## Information provided:

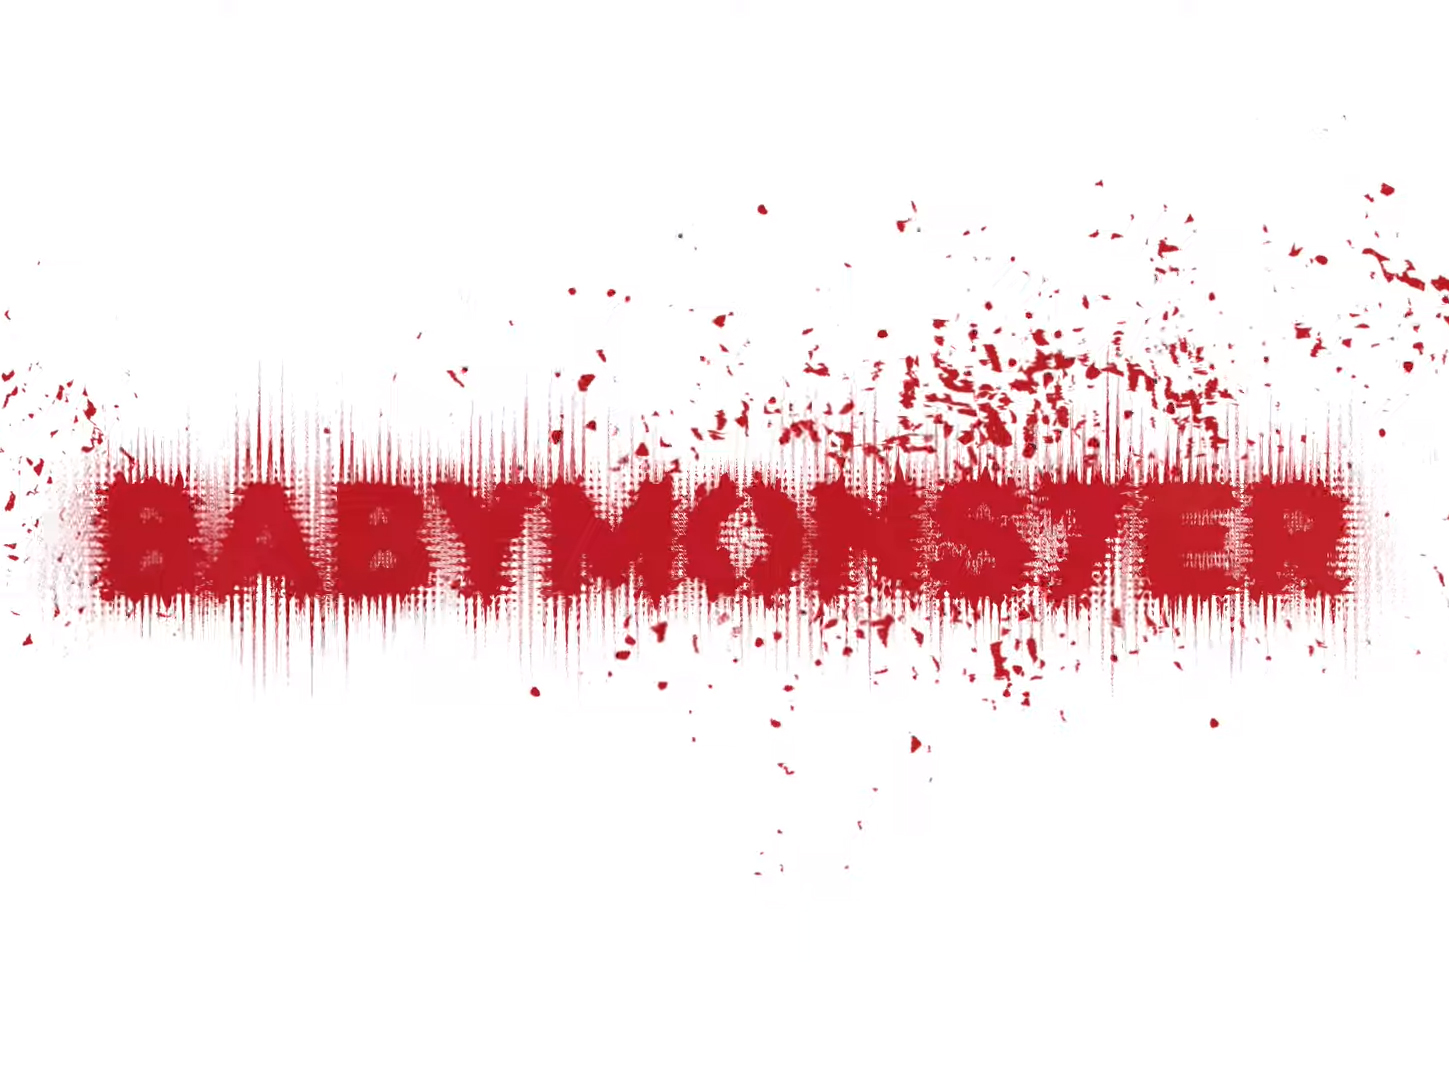 exactly where how to buy preorder BabyMonster mini-album BABYMONS7ER photobook tag bundle version contents / photocard retailer bonuses POB YG US
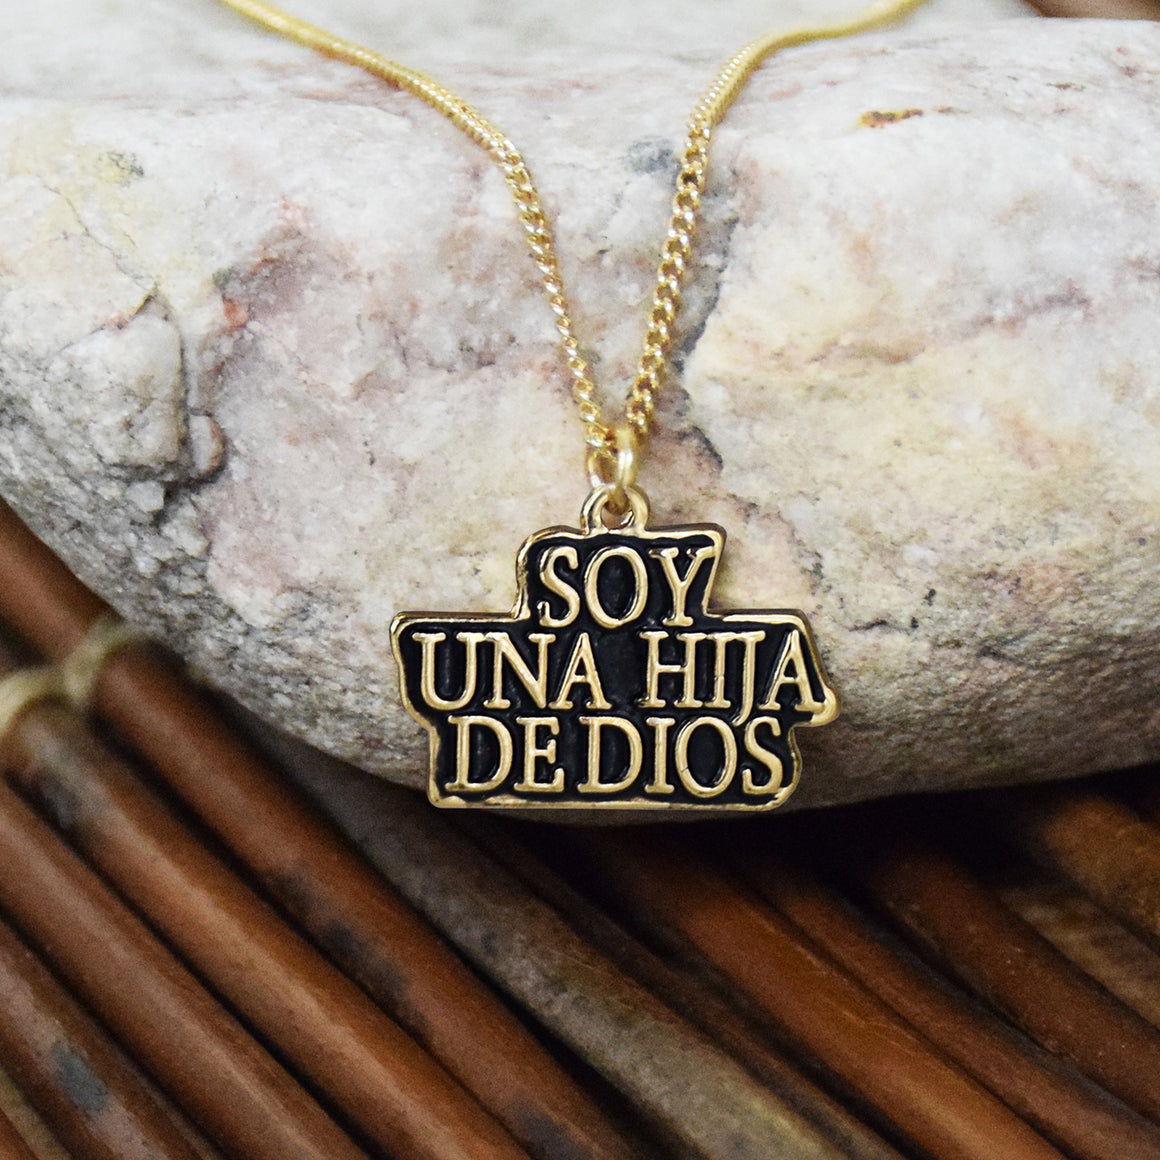 Soy Una Hija de Dios - Spanish - I Am A Child of God gold finish necklace
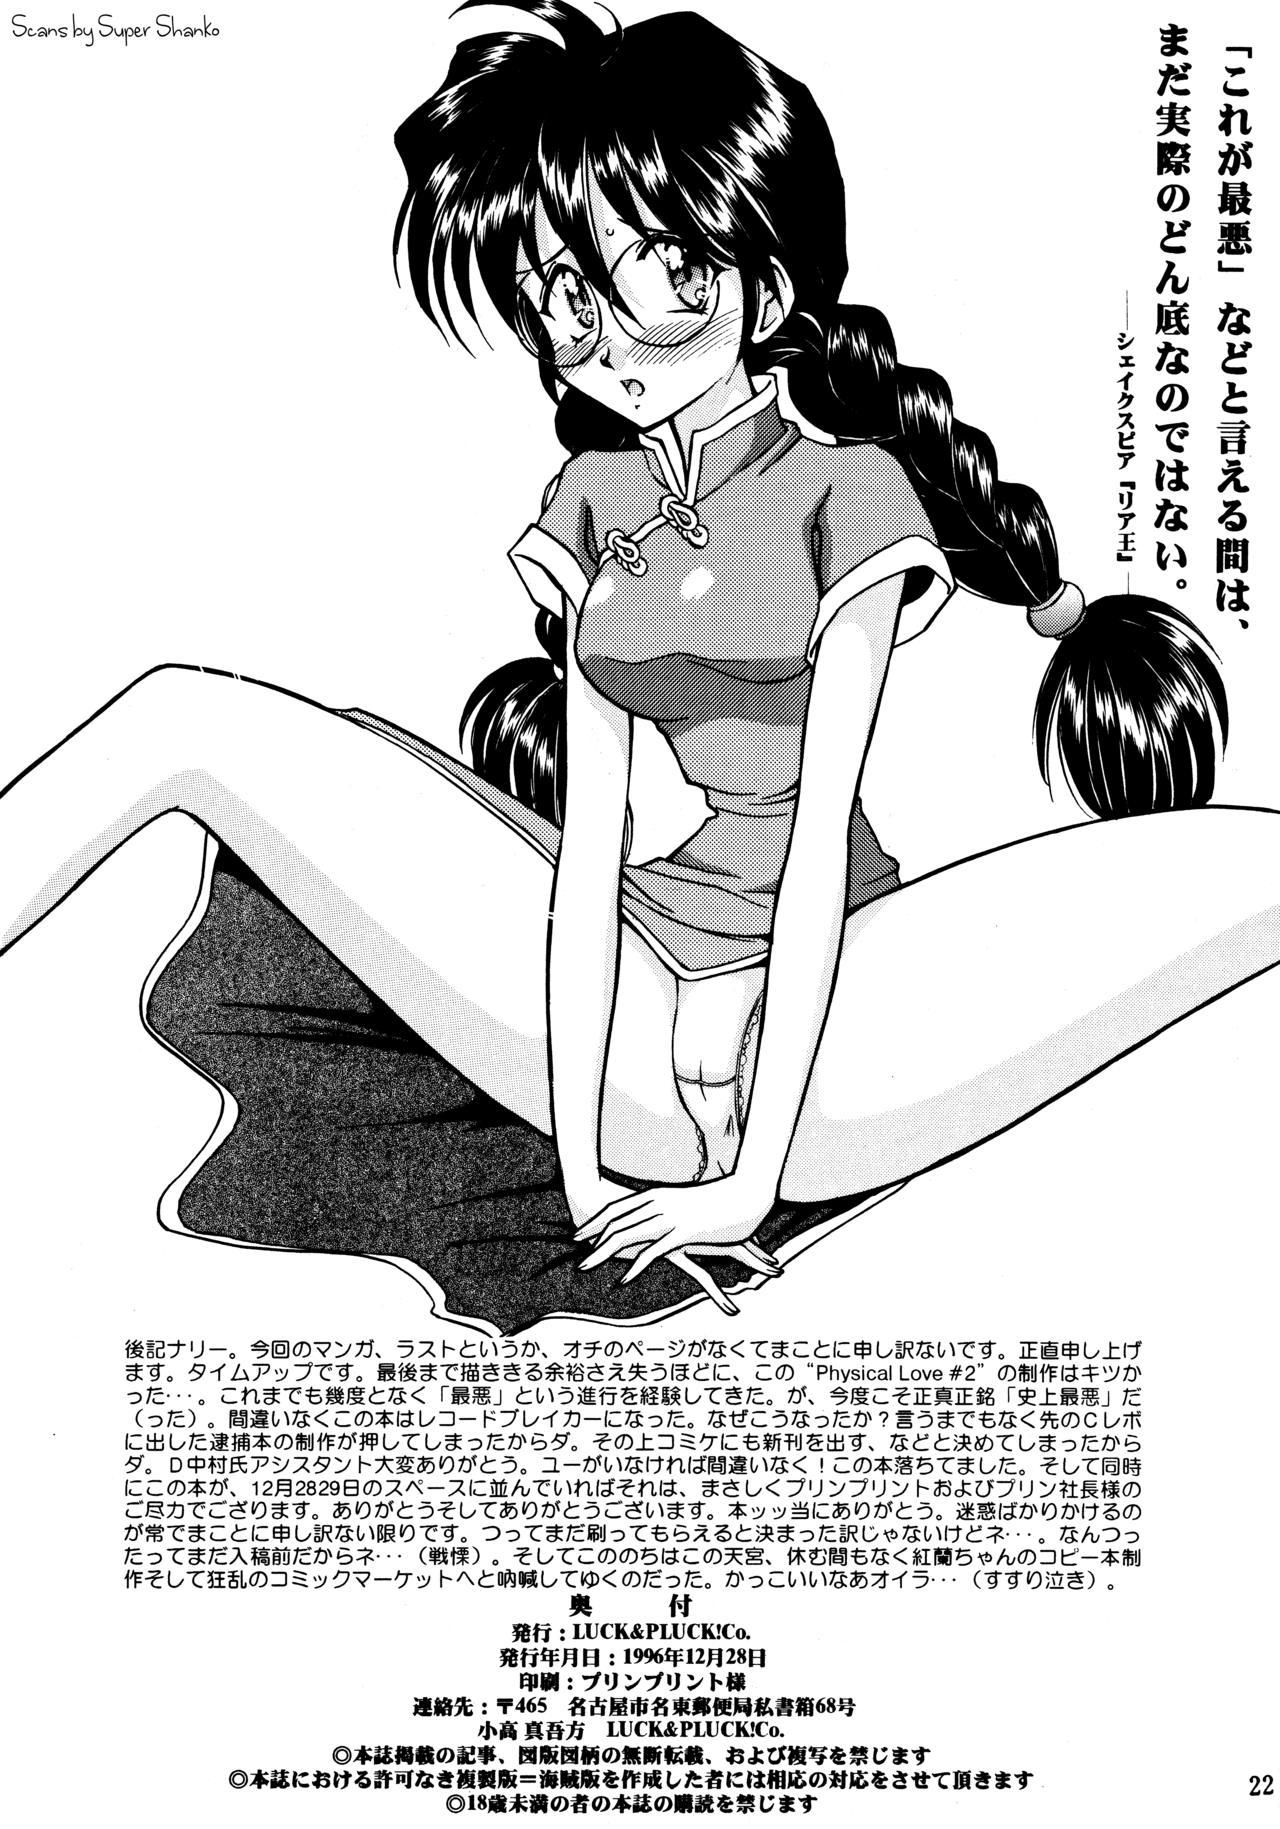 4some Physical Love #2 - Sakura taisen Trio - Page 21

## Assigned task:
Your reply should hold every line above exactly as written and none of the pictures.

## Your response:
 exactly where how to buy preorder BabyMonster mini-album BABYMONS7ER photobook tag bundle version contents / photocard retailer bonuses POB YG US
 Soy Una Hija de Dios - Spanish - I Am A Child of God gold finish necklace
 4some Physical Love #2 - Sakura taisen Trio - Page 21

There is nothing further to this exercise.